»»

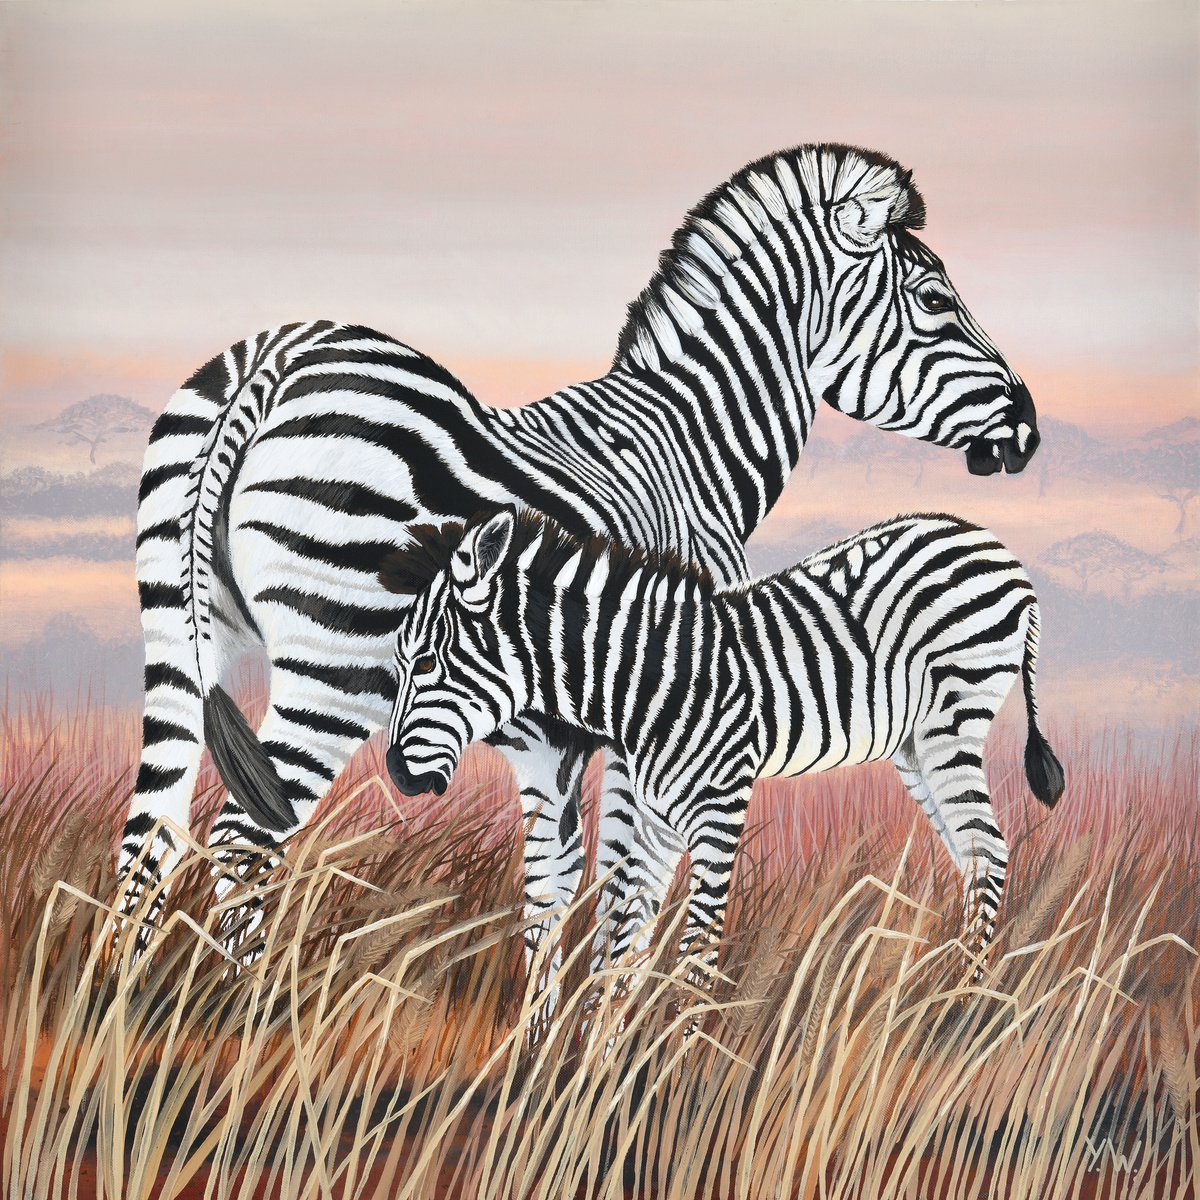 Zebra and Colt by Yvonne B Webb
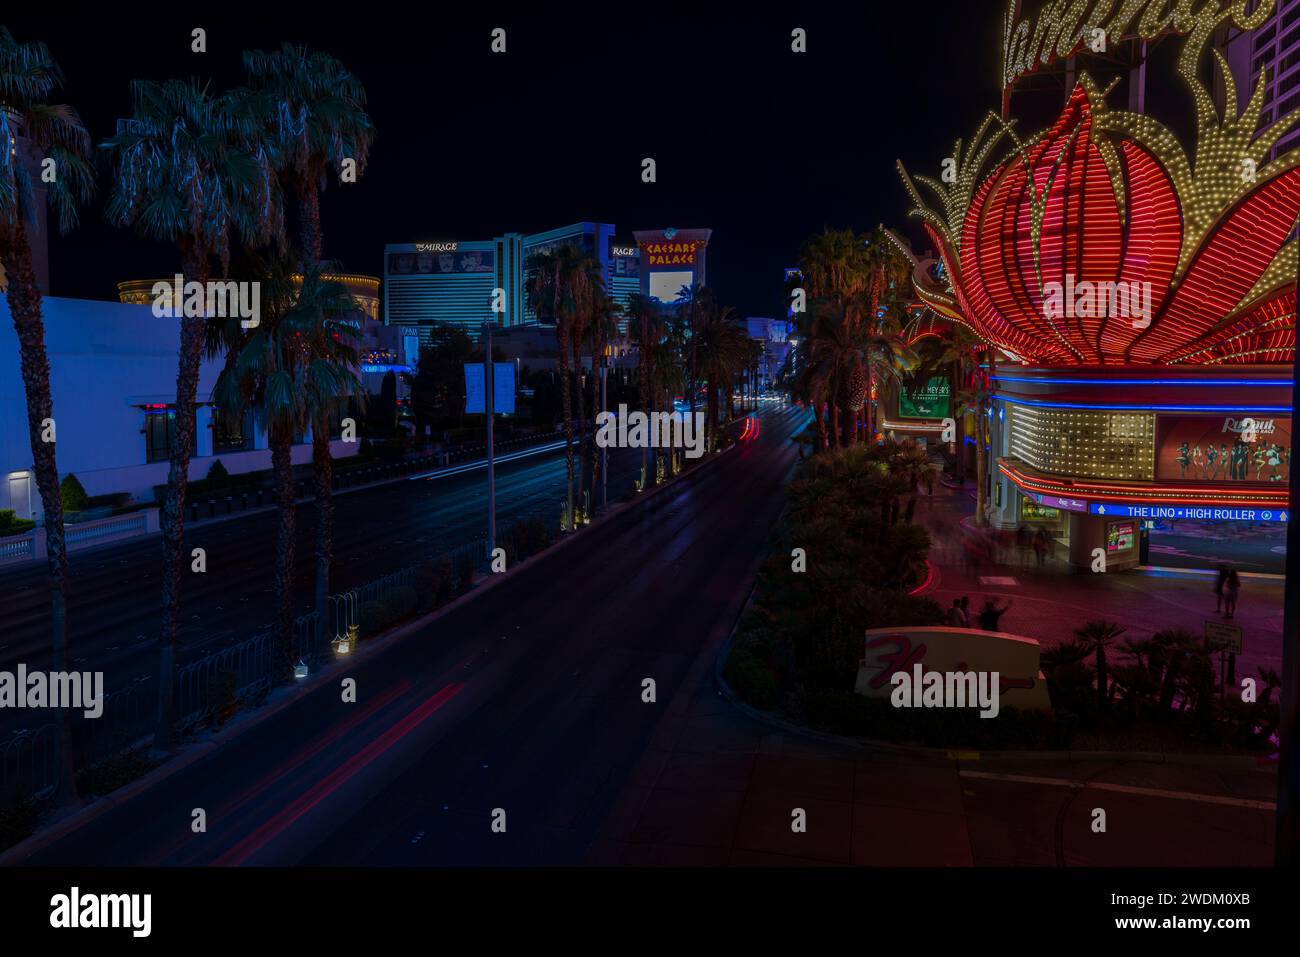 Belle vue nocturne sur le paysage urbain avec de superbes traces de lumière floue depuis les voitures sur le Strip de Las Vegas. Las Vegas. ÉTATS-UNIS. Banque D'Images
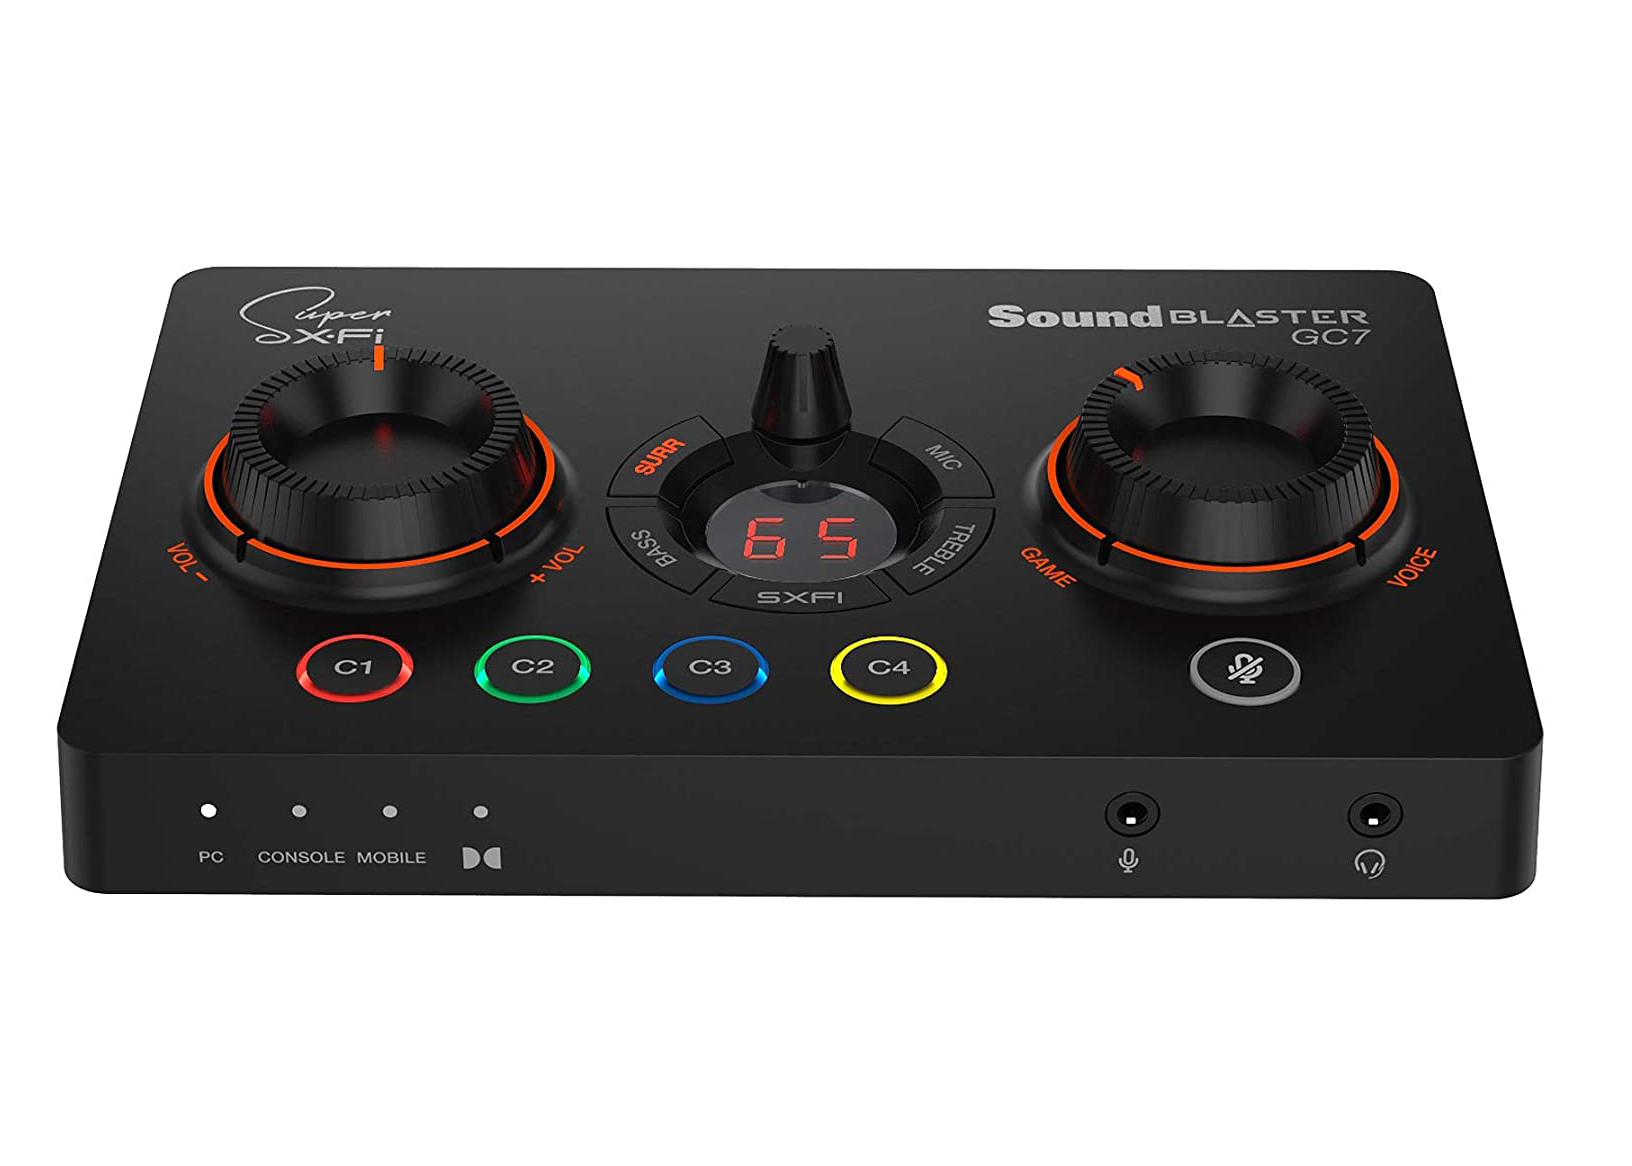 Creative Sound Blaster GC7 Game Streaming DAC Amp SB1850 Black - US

««
»»

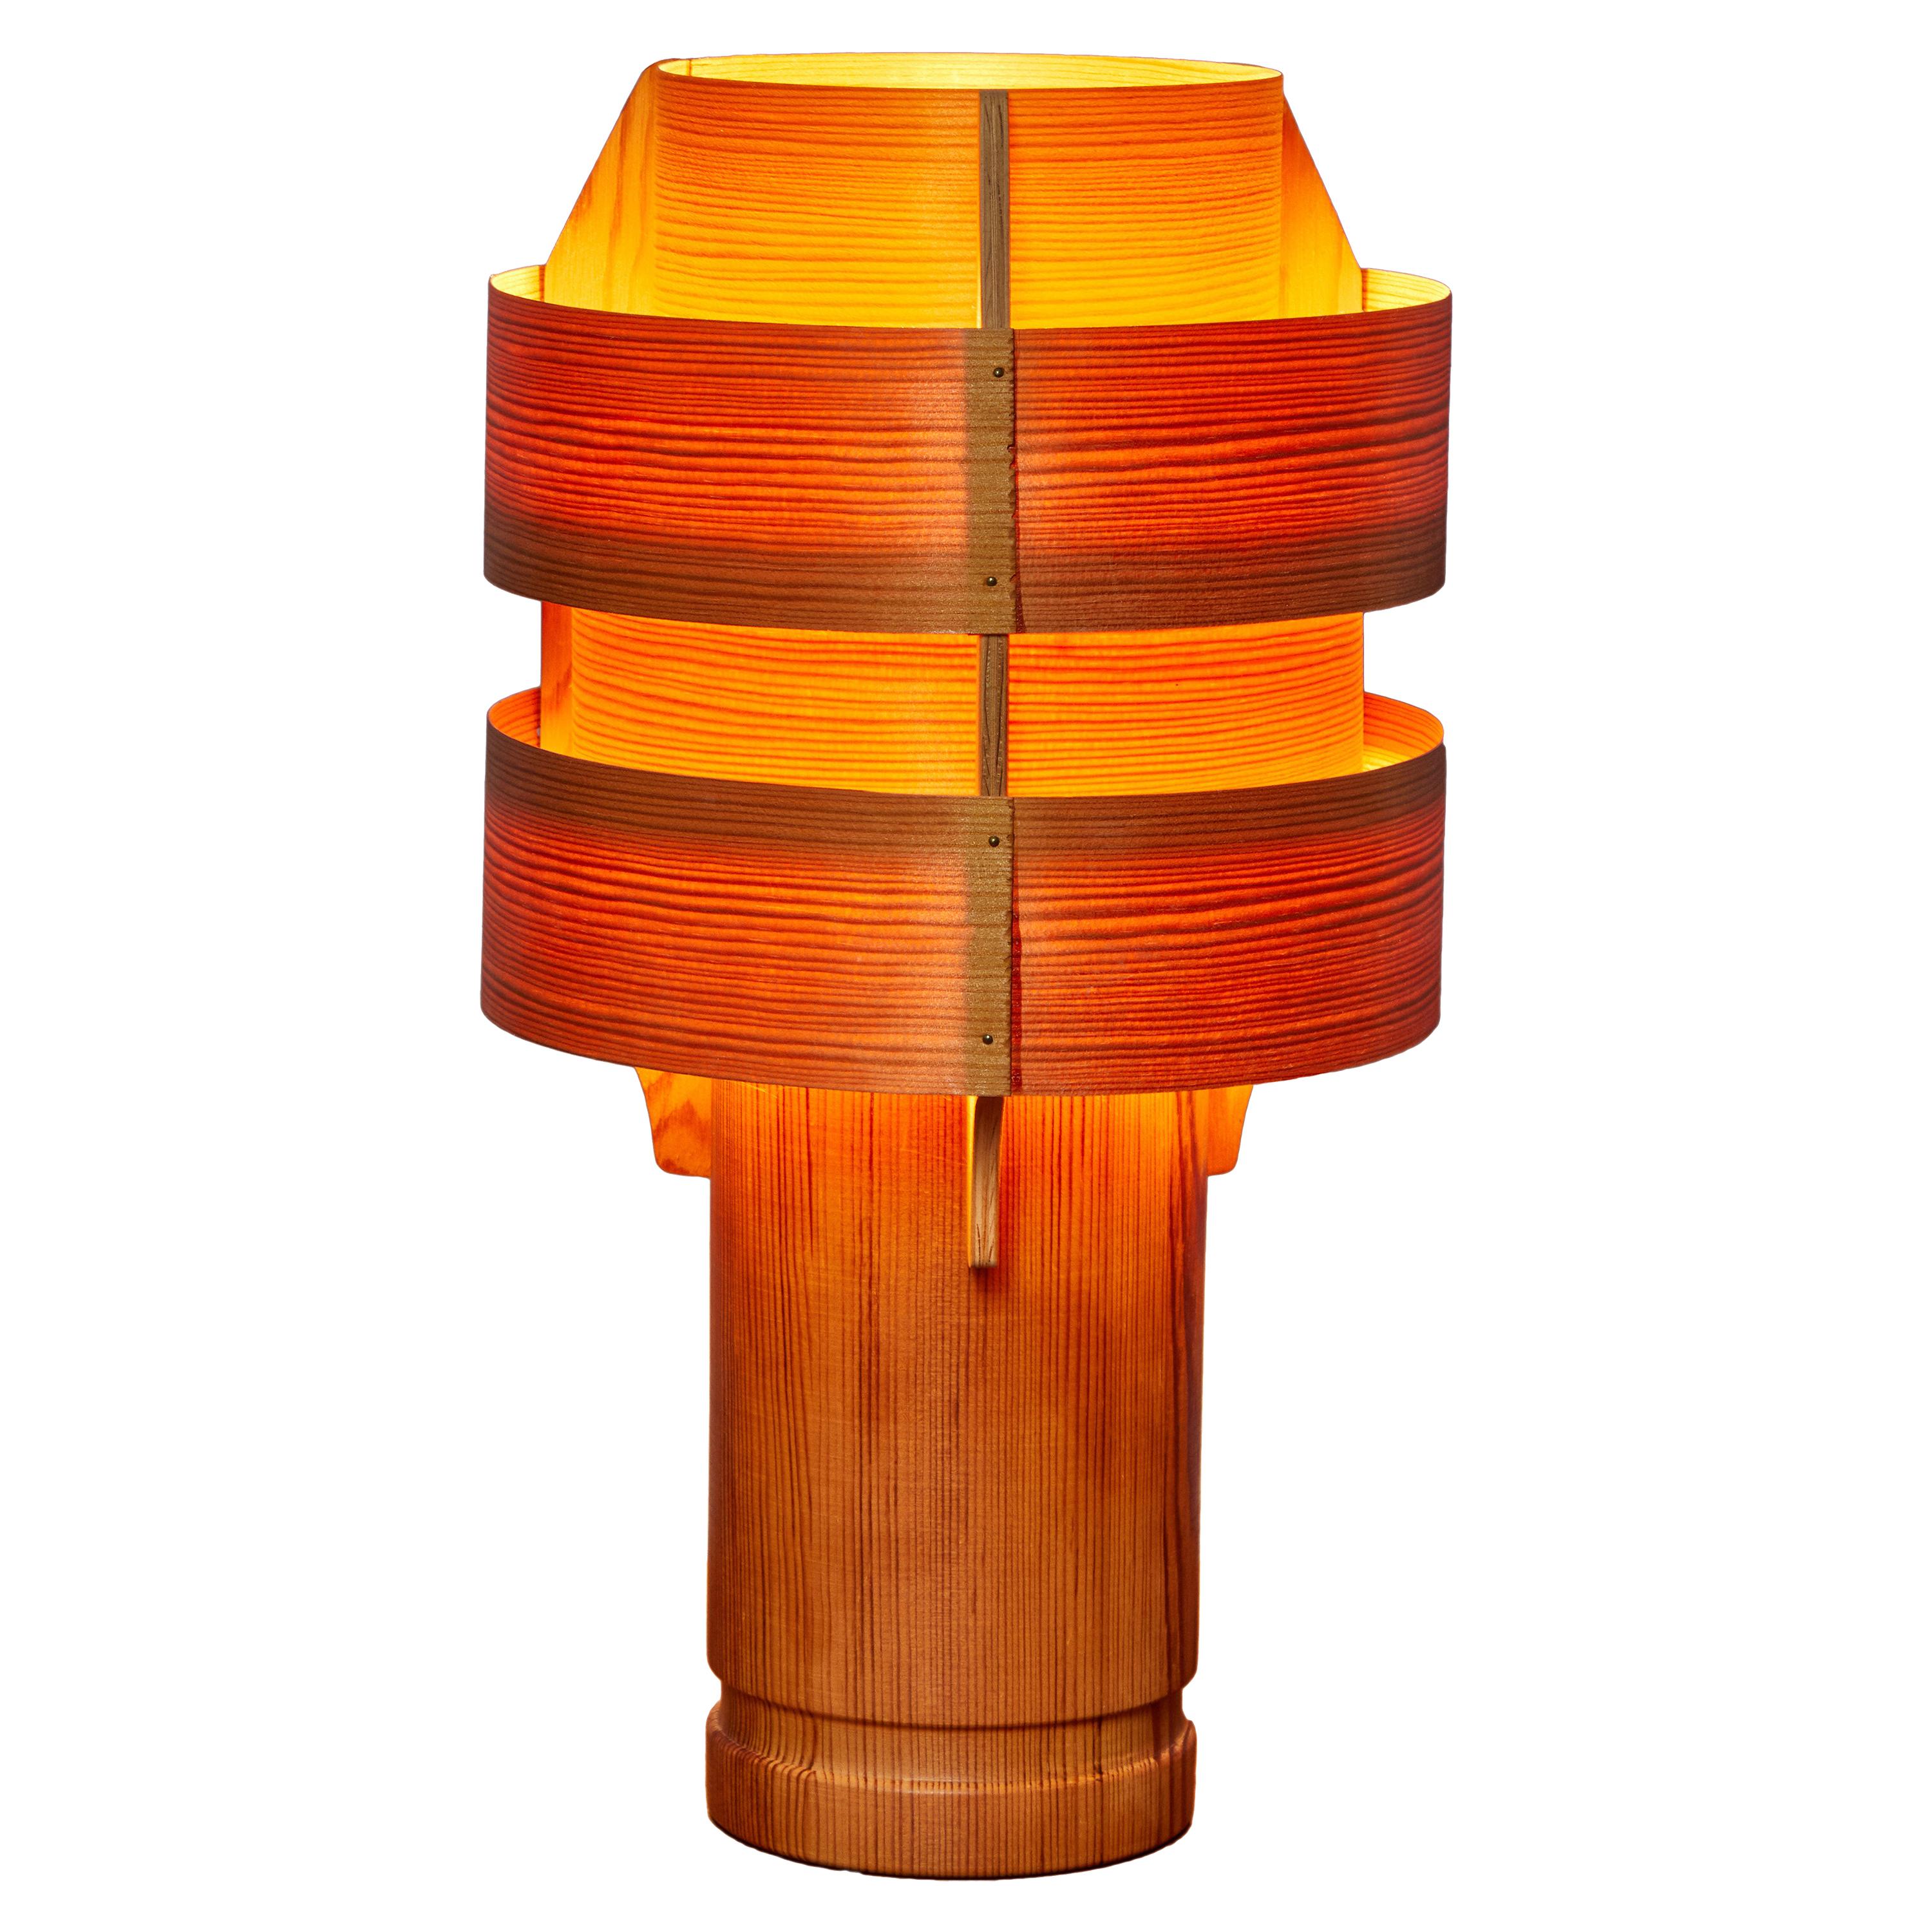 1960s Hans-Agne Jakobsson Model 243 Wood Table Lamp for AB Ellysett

««

Brief:
In the listing above, find the line with "Zebra and Colt by Yvonne B Webb" and the line with "Creative Sound Blaster". Output both, plus every line between them, and no pictures.

Response:
 Zebra and Colt by Yvonne B Webb
 Belle vue nocturne sur le paysage urbain avec de superbes traces de lumière floue depuis les voitures sur le Strip de Las Vegas. Las Vegas. ÉTATS-UNIS. Banque D'Images
 Creative Sound Blaster GC7 Game Streaming DAC Amp SB1850 Black - US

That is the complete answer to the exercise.